Denmark’s Asian exports total 7%, nearly half of which are destined for China’s markets compared with the 50% of exports destined for European markets. Similarly Europe accounts for over 55% of what Danes import whereas China accounts for 6.9% of what Danes import. Some similarities exist with petroleum exports, but Singapore and Denmark are not competitors in this market.

 

DKK/SGD Price Location Span A below Span B Trend Line Support Tenkan vs Kijun Sentiment
Trend Negative Below   Cloud Resistance at 0.2006                   0.1922 Turning Bullish Neutral to Negative

 

DKK-SGD-Chart

After a long uptrend, the two year high occurred May of 2014 and then reversed. The reversal coincides precisely with the dual events of the ECB being concerned that a too strong Euro was stifling growth and a larger global concerns of China’s continued slowing of growth.

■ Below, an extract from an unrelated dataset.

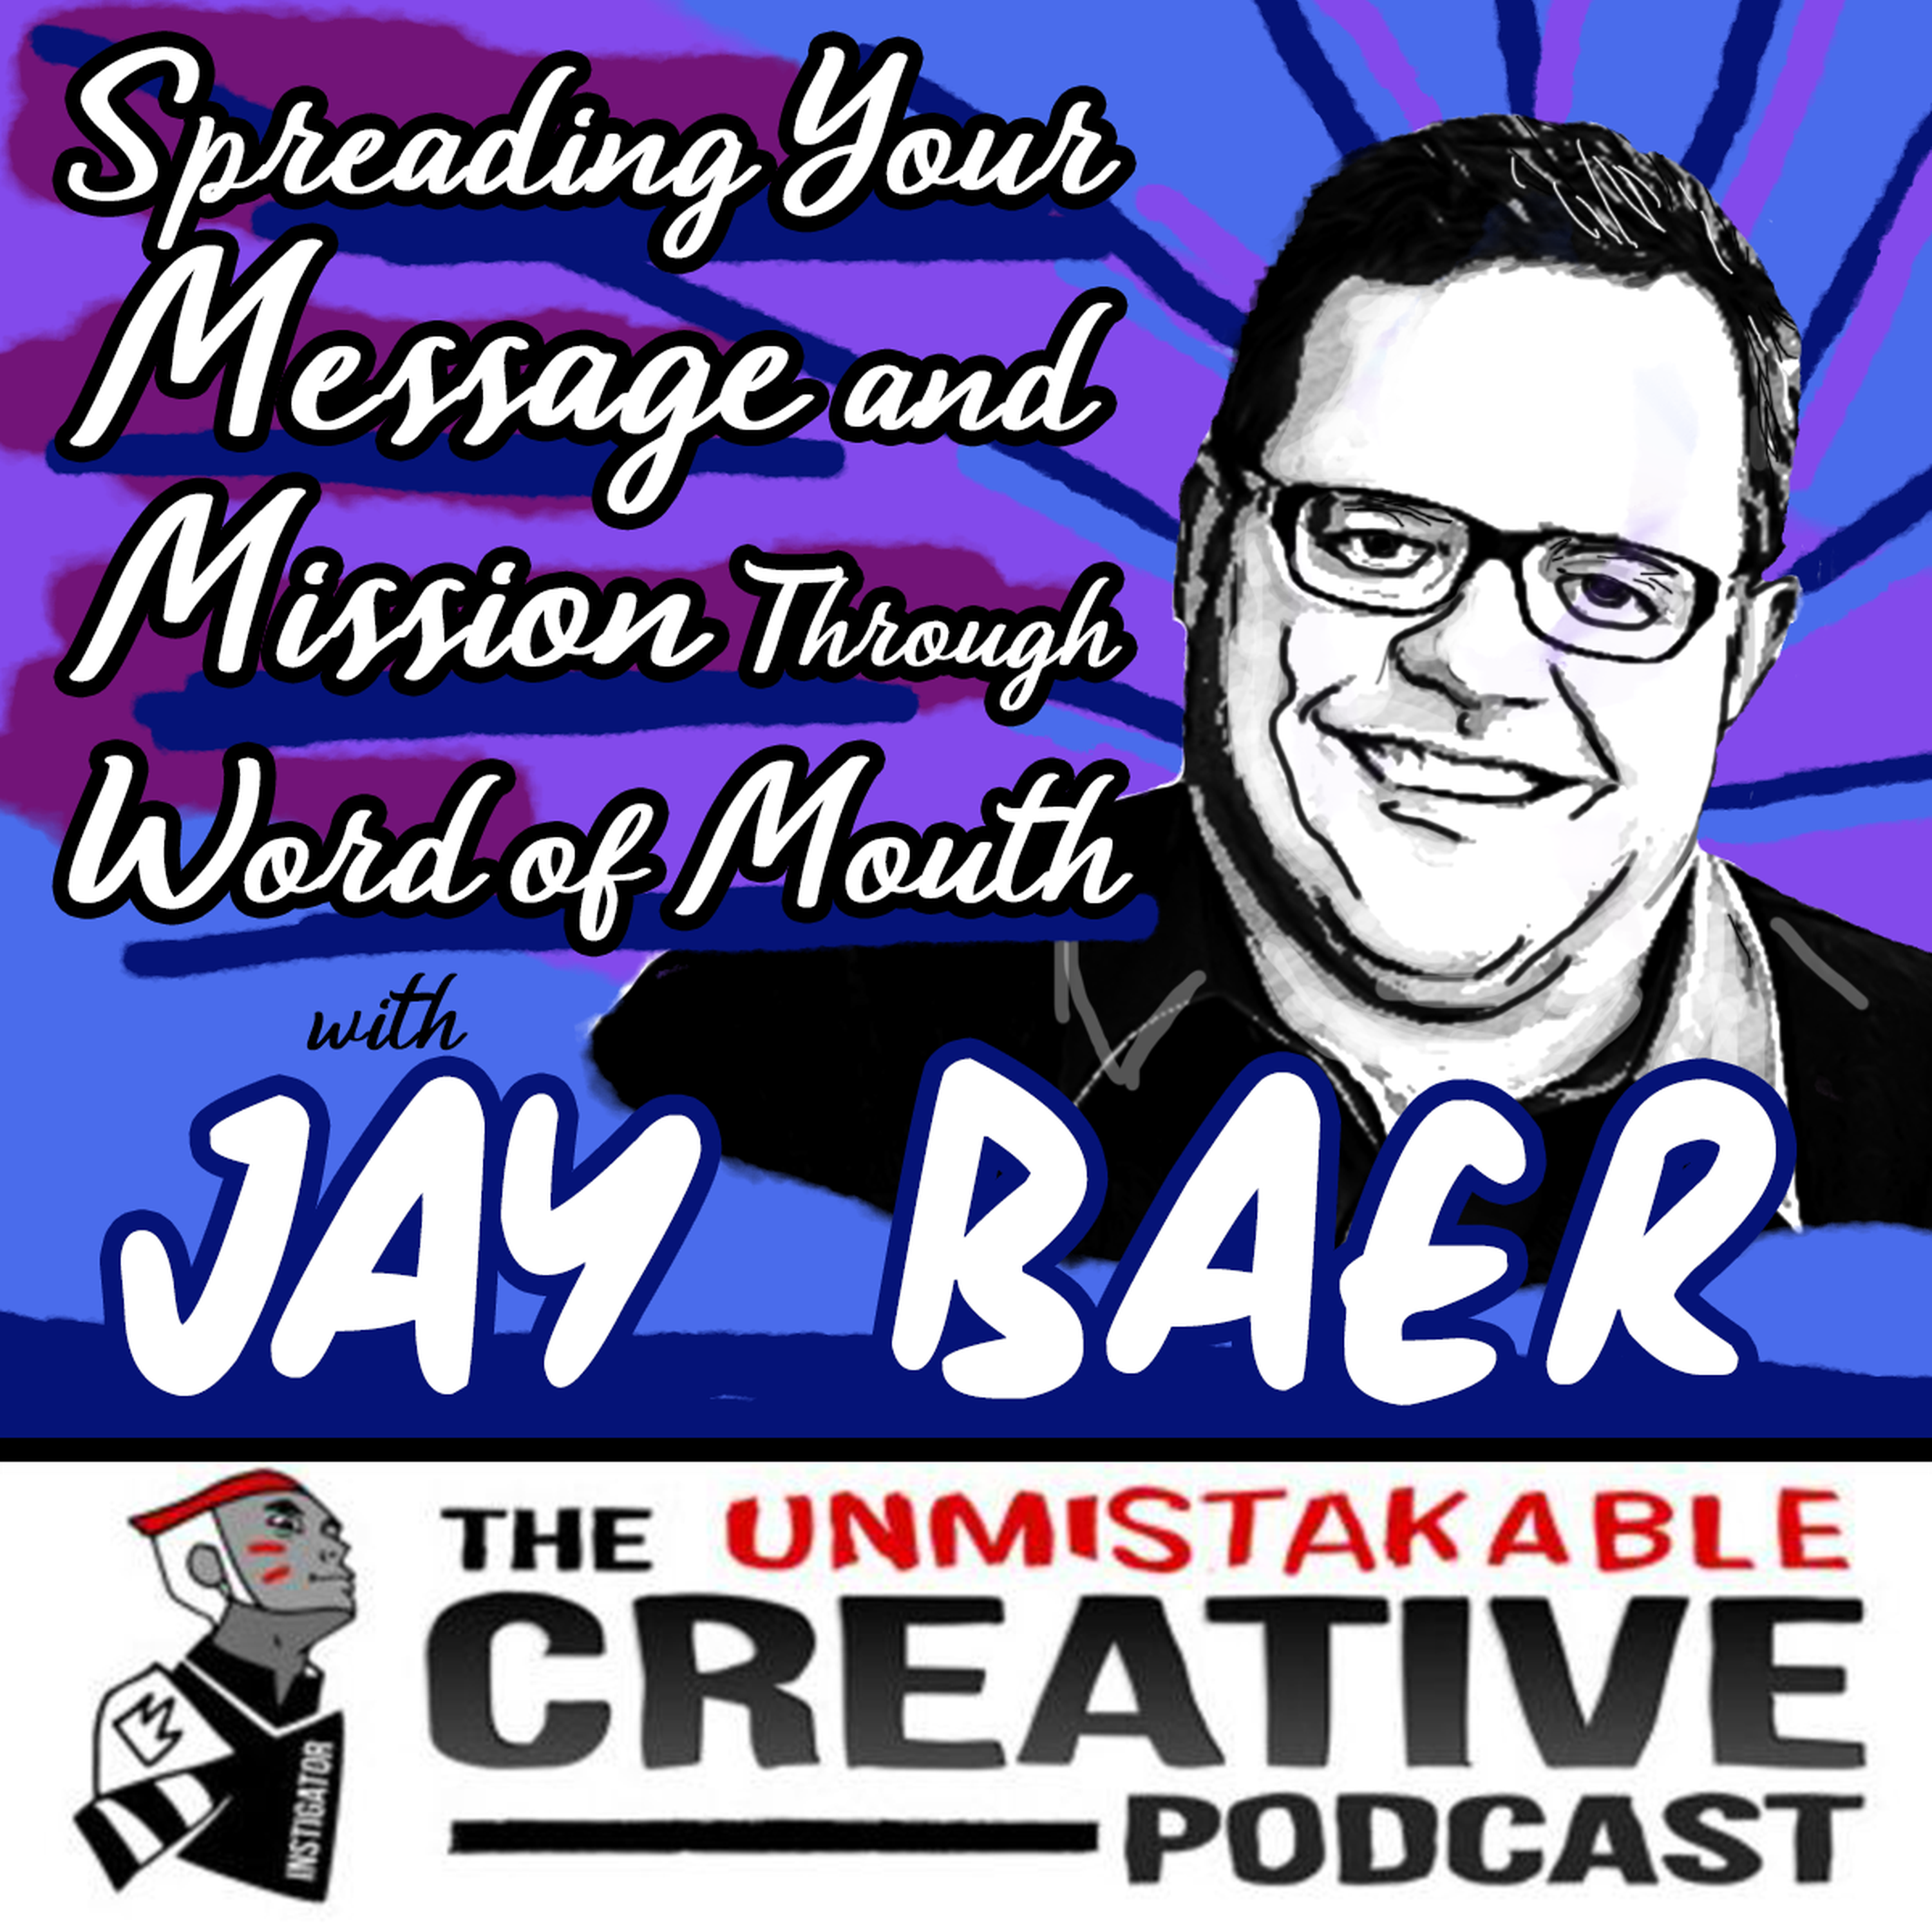 Spreading Your Message and Mission through Word of Mouth with Jay Baer Image

The trend line demonstrates a clear line of support over the period from the 52 week high to 52 week low. This seems to indicate more a weakening of the Euro, thus affecting DKK, than a strengthening of the Yuan, thus affecting SGD, as most analysts considered China’s slowing economy as temporary. This is reflected from the May 2014 high of 0.2336 SGD per Krone to the April 2015 low of 0.1965 SGD per Krone; an almost 15.9% reduction. Along the trend line were several tests of both support and resistance. Three notable events occurred during the period from 15 January through 22 January: the Swiss surprise unpegging, record lows measured Chinese GDP growth and the ECB announcement of the promised QE program. The most recent run at testing cloud resistance may be related to the sudden and yet to be explained selloff in the US sovereign bond markets which, in turn, strengthened the Euro.

In conclusion, the expectation should be that it will be difficult for DKK/SGD to break through resistance as long as the ECB is still in the market and the US maintains its rate policy past June. Further, in the event of a recovery in the Eurozone the Danish Krone remains tied to the Euro while the MAS has the flexibility to manage its trade weighted dollar in response to a recovery in the Pacific region. Hence the Singaporean dollar should continue to lead the Danish Krone.